» What to work on
Given the material below, output exactly the lines from the line with "Autumn is such" to the line with "#weddingphotography #weddinginspiration #sydneywedding", both ends included, and no other lines.

» Entries provided
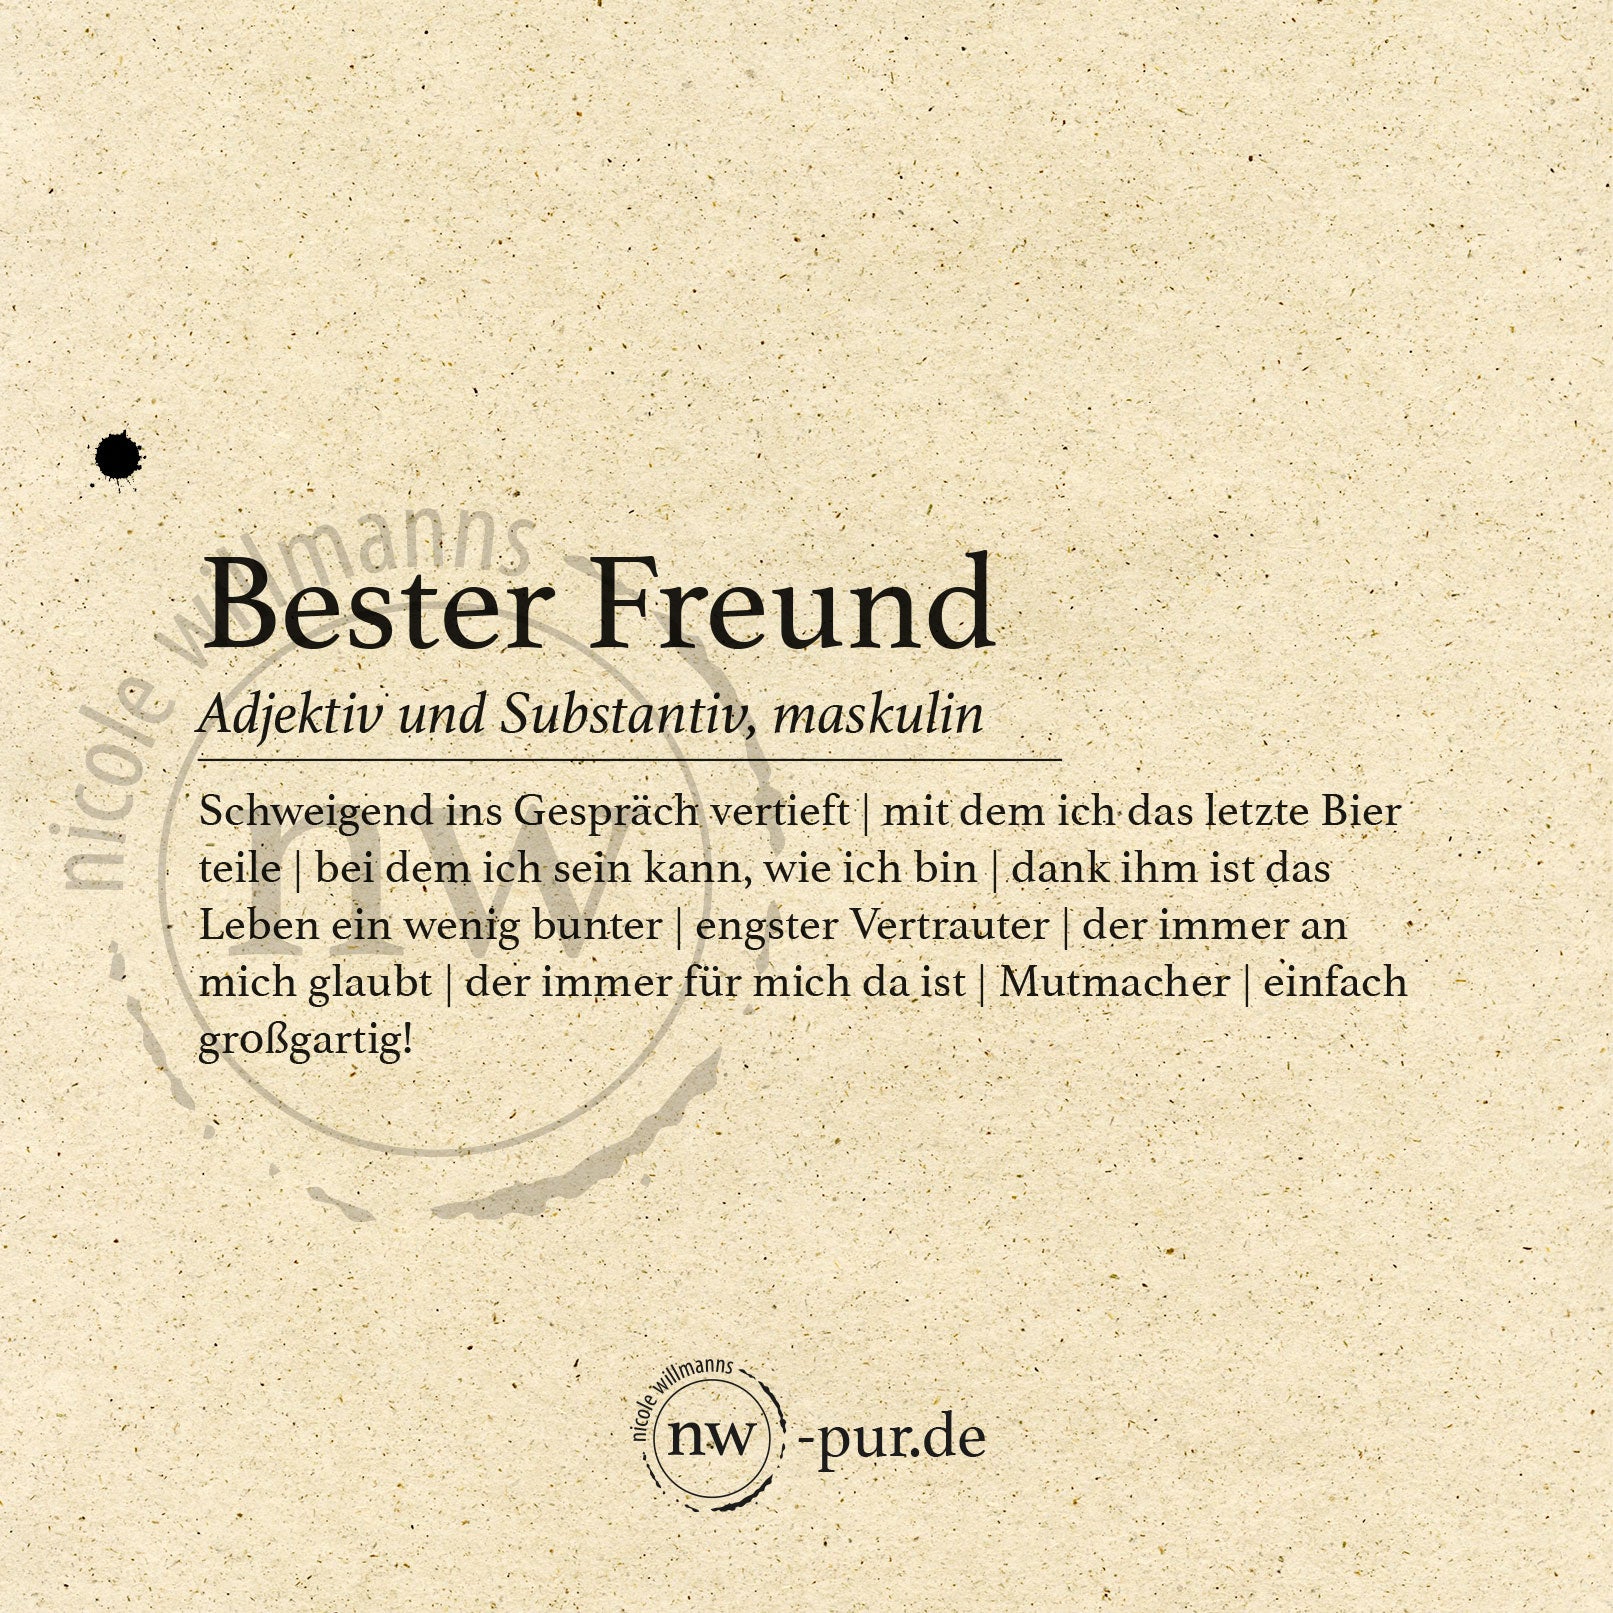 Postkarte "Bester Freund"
...
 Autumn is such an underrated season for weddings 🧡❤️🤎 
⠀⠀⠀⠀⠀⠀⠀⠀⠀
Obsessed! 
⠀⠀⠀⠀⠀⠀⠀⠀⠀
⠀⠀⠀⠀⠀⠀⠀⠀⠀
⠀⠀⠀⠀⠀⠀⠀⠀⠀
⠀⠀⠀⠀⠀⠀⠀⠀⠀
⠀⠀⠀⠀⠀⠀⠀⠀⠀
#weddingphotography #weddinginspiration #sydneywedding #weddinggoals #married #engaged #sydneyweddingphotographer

» Completed task
 Autumn is such an underrated season for weddings 🧡❤️🤎 
⠀⠀⠀⠀⠀⠀⠀⠀⠀
Obsessed! 
⠀⠀⠀⠀⠀⠀⠀⠀⠀
⠀⠀⠀⠀⠀⠀⠀⠀⠀
⠀⠀⠀⠀⠀⠀⠀⠀⠀
⠀⠀⠀⠀⠀⠀⠀⠀⠀
⠀⠀⠀⠀⠀⠀⠀⠀⠀
#weddingphotography #weddinginspiration #sydneywedding #weddinggoals #married #engaged #sydneyweddingphotographer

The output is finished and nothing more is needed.